General Colin Powell first encountered Carl von Clausewitz’s treatise, On War, in 1975 when he attended War College. According to Powell: “It was like a beam of light from the past, still illuminating present day military quandaries.”1 More recently, another distinguished military officer, General Sir Rupert Smith, cited Clausewitz no less than 10 times in his influential book, The Utility of Force.

The list of testimonials to von Clausewitz’s magisterial On War is a long one indeed. General Helmut von Moltke once remarked that the only books of interest for him were Homer’s Iliad, the Bible, and On War. In the inter-war period (1918-1939), two British colonels added their endorsement of Clausewitz. J.F.C. Fuller wrote that Clausewitz was on a level with Copernicus, Newton, and Darwin, and T.E. Lawrence praised Clausewitz’s work as far superior to any other, subconsciously inspiring him in his own thinking.

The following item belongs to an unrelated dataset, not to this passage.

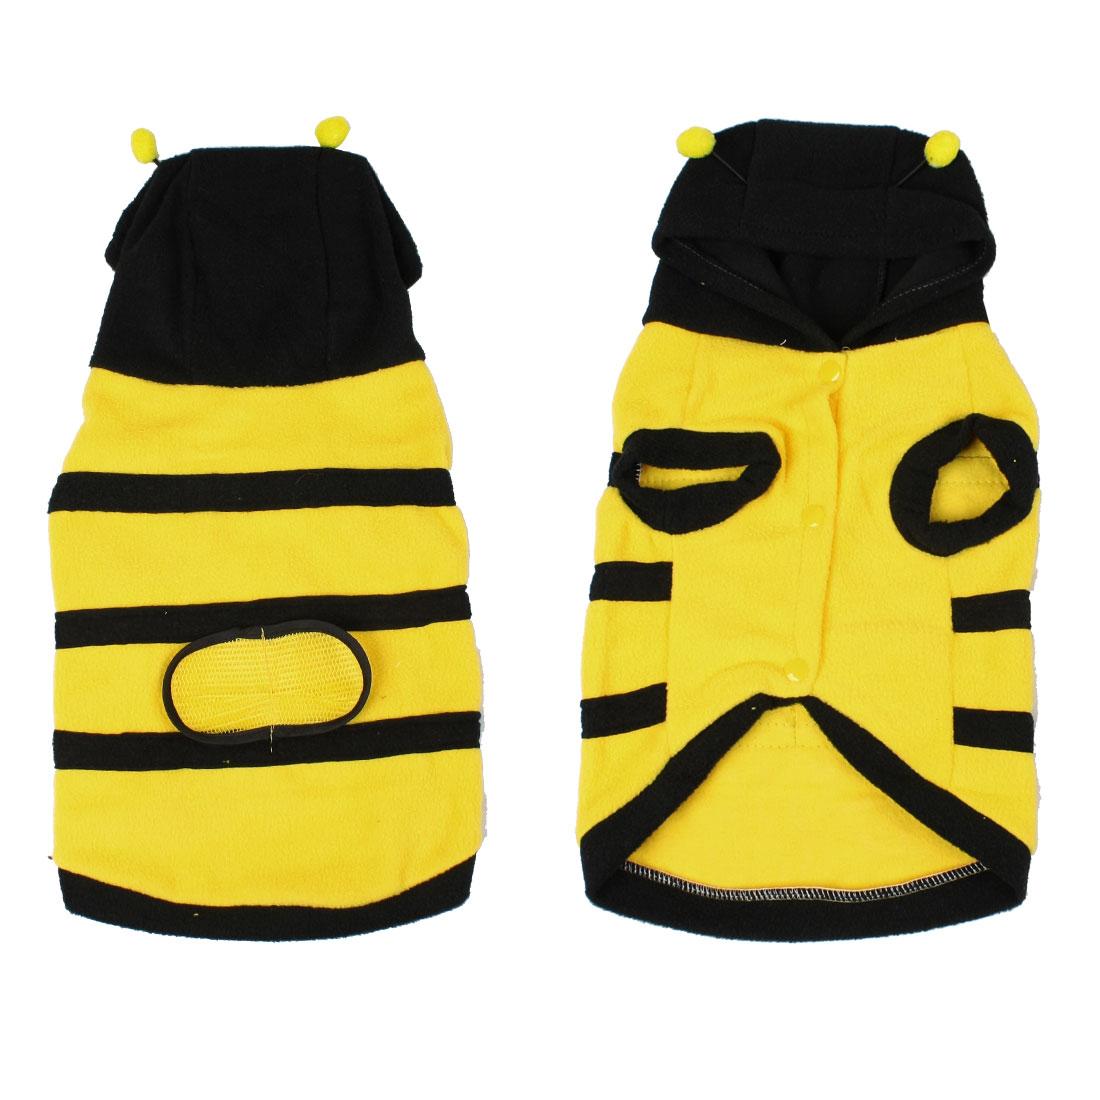 Xmas Costume Yellow Black Fleece Bee Design Hooded Dog Coat Pet Clothes L

Later, two of the most influential strategic theorists of the post-Second World War period stated that Clausewitz had no peer concerning the subject of war and conflict. Bernard Brodie concluded: “...[that] his is not simply the greatest book, but the only truly great book on war.”2 Colin S. Gray compares Thucydides, Sun Tzu, and Clausewitz, and unequivocally privileges Clausewitz over his two predecessors.3 Finally, and most recently, the British philosopher W.B.Gallie wrote in 1995 that On War was the first, and, to date, the only book of outstanding intellectual eminence published on the subject of war

The subject of this praise, General Carl von Clausewitz (1780-1831), joined the Prussian army in 1792. He fought against the French Revolutionary and Napoleonic forces until the Battle of Waterloo in 1815, participating in several major battles, including Jena and the Battle of Nations. He was a man of a particularly philosophical bent, and he read voraciously and broadly, far beyond the field of military history. In 1818, Clausewitz was appointed Director of the Prussian War Academy in Berlin, during which period he composed On War. This work, the crowning jewel in his œuvre, has been enormously influential ever since. It would not be an exaggeration to say that the ideas of Clausewitz flow like a subterranean river through all of modern military thought.

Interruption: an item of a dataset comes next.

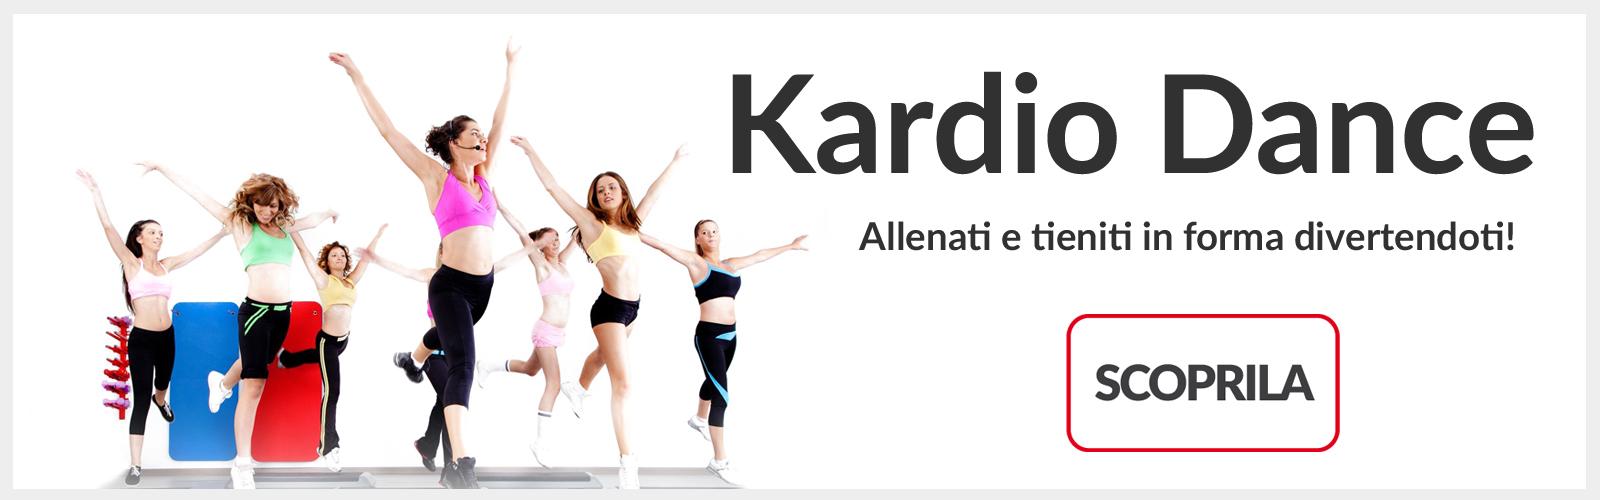 kardio-banner

Clearly, it is the substance of Clausewitz’s thought that accounts for his importance, not only for military doctrine but with respect to strategic theory as well. In the 21st Century alone, no fewer than seven books have been published in English dealing exclusively or extensively with this issue.

In 2001, the third edition of Michael Handel’s Masters of War: Classical Strategic Thought was released. Handel compares Sun Tzu, Jomini, and Clausewitz, and, in this writer’s view, he justifiably consigns the Swiss Jomini to history, effectively dismissing his relevance for the present. Handel then argues that Sun Tzu sought to teach how to fight wars efficiently, whereas Clausewitz intended to demonstrate how to fight wars effectively.

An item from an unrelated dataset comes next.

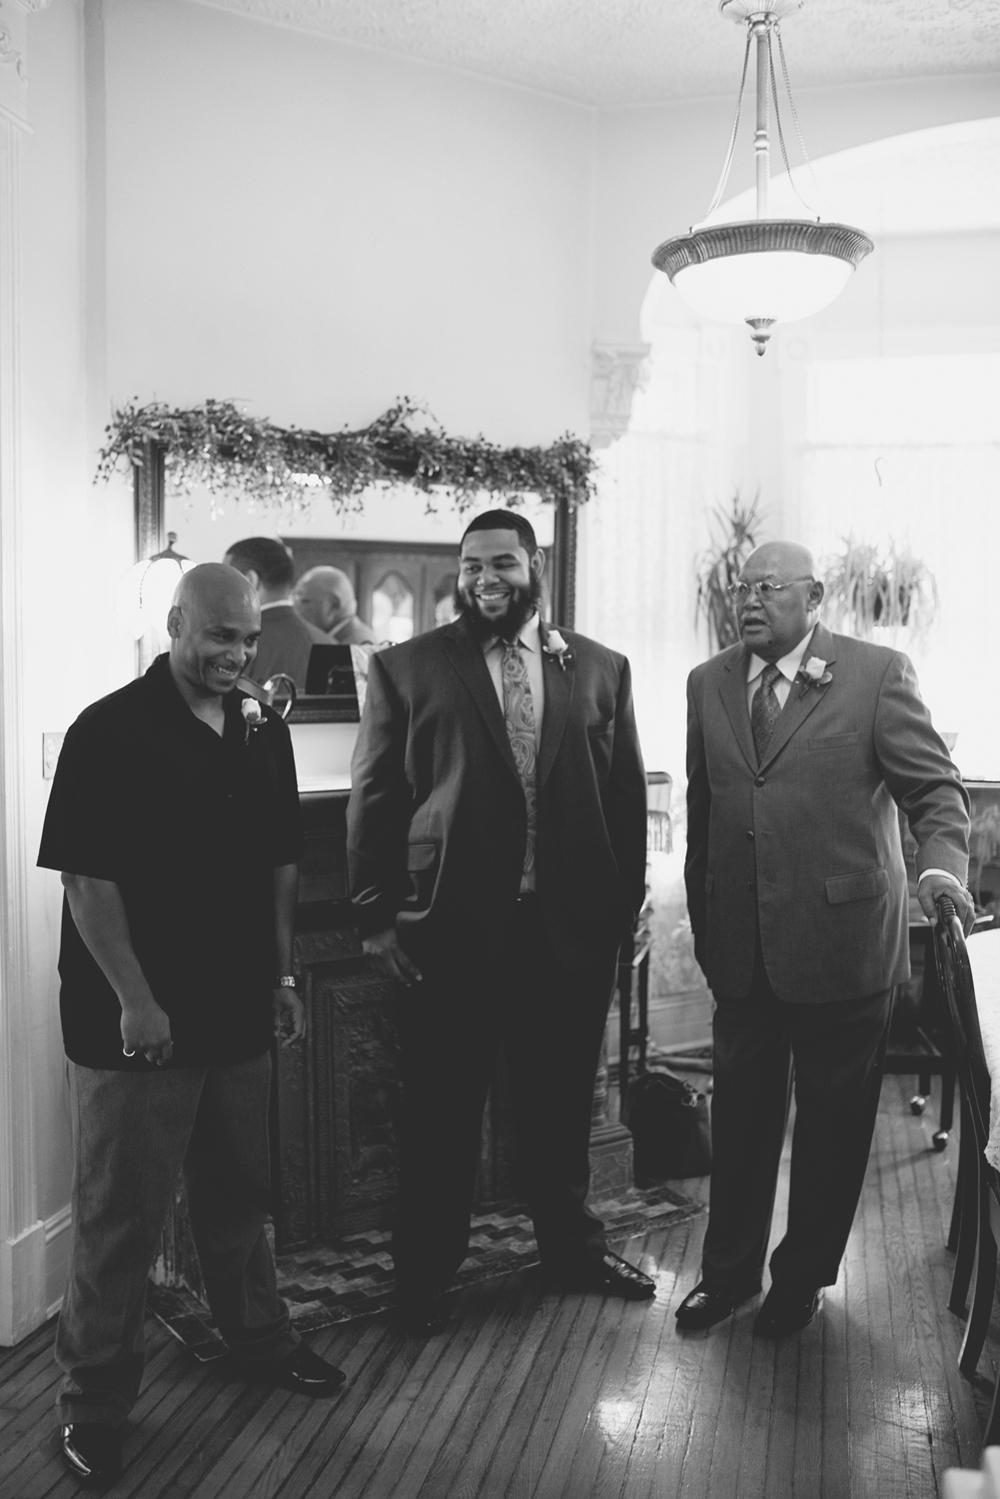 Magnolia House Inn Wedding | Hampton, Virginia Wedding | Casual groomsmen pictures

In the same year, Azar Gat’s A History of Military Thought: From the Enlightenment to the Cold War, appeared. This book is exceptionally valuable for two reasons. First, it compares Clausewitz’s thought to the military school of the Enlightenment (1687-1789), and it examines his profound influence during the 19th and 20th Centuries. Second, Gat’s treatment of the whole period is done in the context of intellectual history. Positivism, Romanticism, Social Darwinism, Marxism, Fascism, and Liberalism are all related to how military theory has been shaped over the past 300 years. It is an essential read for anyone wanting to understand Clausewitz within the sweep of intellectual history.

In 2002, a German scholar, Beatrice Heuser, published Reading Clausewitz, a book not only on how to read Clausewitz but also dealing with how others have read him. She identifies all of Clausewitz’s major themes and how individuals as varied as the German masters of warfare of the late 19th Century, through Lenin and Mao Zedong, to strategists of the nuclear age, have interpreted him. Heuser critically assesses these interpretations while guiding the reader through some of Clausewitz’s most difficult ideas with clarity and comprehension.

Two years later, an Australian, Hugh Smith, published On Clausewitz: A Study of Military and Political Ideas. This book has a textbook-like quality – clearly written and very well organized. Smith both sets out the Prussian’s ideas within the context of the revolution in war in his time, and then goes on to examine his relevance to the transformation of war in our own time. His treatment of the interaction between politics and war is insightful, and it amply demonstrates Clausewitz’s contemporary relevance.

Finally, in 2007, four new books appeared that, taken together, deal comprehensively with all of Clausewitz’s thought. Peter Paret’s Clausewitz and the State (1976), undoubtedly the best biography of Clausewitz written in English, was issued in a second edition with an extensively revised preface. Clausewitz’s Puzzle, by the German Clausewitzian scholar Andreas Herberg-Rothe, is a philosophical examination of some of Clausewitz’s main themes. Herberg-Rothe’s basic thesis is that Clausewitz’s political theory of war emerged from his personal experience in, and study of, the three battles of Jena, Borodino, and Waterloo.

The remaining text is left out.